Moreover, for the quantification of the BM scores, we assumed normal signal distributions, according to which a measurement represents 95% confidence when its value is twice the magnitude of the noise level.¹⁹ Thus, the reference threshold values applied here are user-independent in comparison to another value commonly used in fluorescence imaging, the Rose criterion.¹⁷ The Rose criterion method also sets a limit of detection for fluorescence imaging for which the CNR values must be greater than 3 to 5.⁴⁰ However, the range of a particular threshold value varies from study to study^35,41,42 and depends on several parameters such as object shape, edge sharpness, viewing distance, and observer experience. Besides the parameters affecting the threshold value, Rose’s studies were intended for electronic imaging systems (i.e., photography, television, and optical and visual systems)⁴³ and were focused on human perception of signal detectability.⁴⁴ However, threshold values that are constrained by aspects of the human visual system might no longer be relevant with the advent of artificial intelligence (AI) imaging and signal processing. AI algorithms will allow for lower thresholds according to definitions that are not subject to intra- and inter-human observer variability.^45–47 The criterion adopted herein follows a more simplistic statistical approach that evaluates system performance without depending on human perception and thus is more relevant for assessing the detection limits of FMI systems.

The findings of this study are also relevant to existing ICG-based FIGS systems. Similar to FMI, most FIGS system sensitivity assessment and quality control approaches are still based on the quantification of SNR and contrast metrics. However, the quantification methods for these metrics still represent a major limitation factor for cross-platform system comparisons and affect the design and/or repeatability of preclinical or clinical trials. Moreover, consistency in quantification and reporting of the various performance assessment metrics is especially important for FIGS systems, as no established quality control protocols currently exist despite the wide clinical use of such systems. The quantitative assessment of the system performance presented herein advances the current standardization strategies, which is critical for the further development of this technology and for establishing the performance limits that are a prerequisite for regulatory approvals.
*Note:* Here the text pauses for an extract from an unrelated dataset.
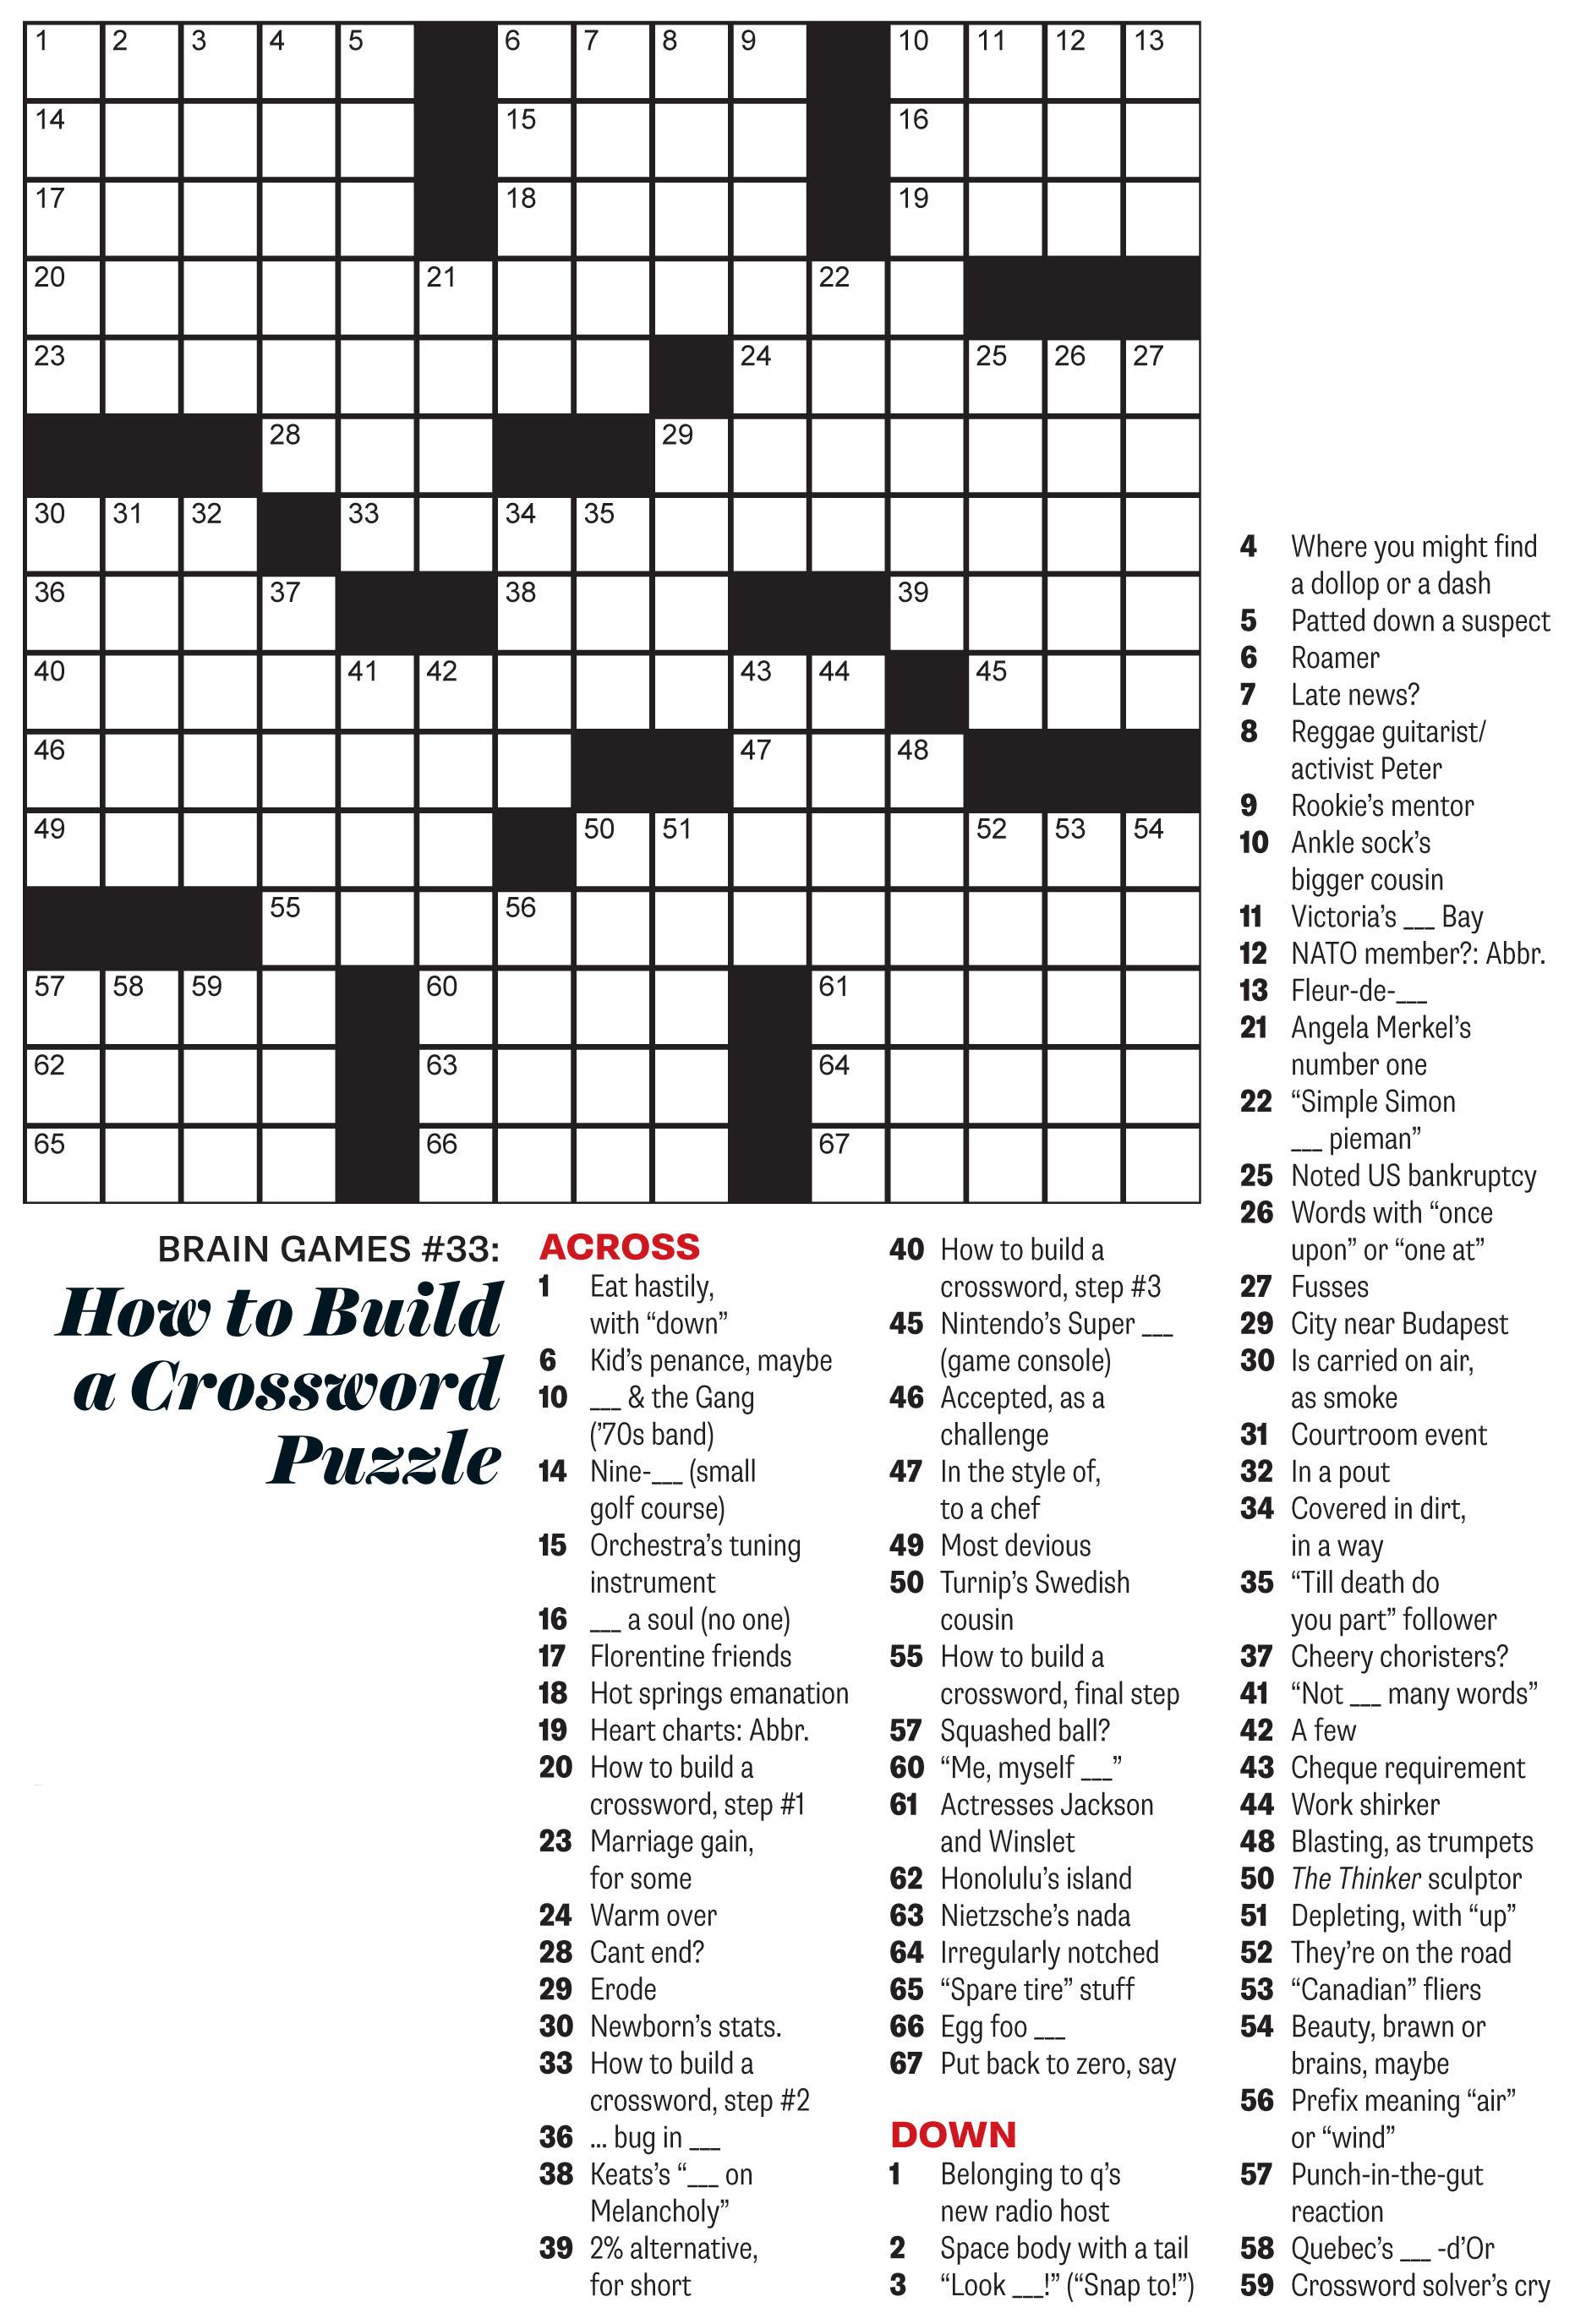 October 2015 Crossword: How to Build a Crossword Puzzle

Finally, similar challenges in the quantification of SNR and contrast are present in other optical technologies that are currently under investigation. For example, Palma-Chavez et al.²⁶ showcased variability in SNR and contrast quantification methods within the field of optoacoustics. Fluorescence lifetime imaging is another emerging and very promising technology that also lacks consensus in the quantification of SNR, despite its frequent use in assessing the reliability of lifetime measurements. Under appropriate modifications, our study can also be adapted for such technologies, thereby contributing to the development of performance assessment and quality control protocols for imaging methods beyond FMI and FIGS.

Disclaimer

The mention of commercial products, their sources, or their use in connection with material reported herein is not to be construed as either an actual or implied endorsement of such products by the U.S. Department of Health and Human Services. This paper reflects the views of the authors and should not be construed to represent the U.S. FDA’s views or policies.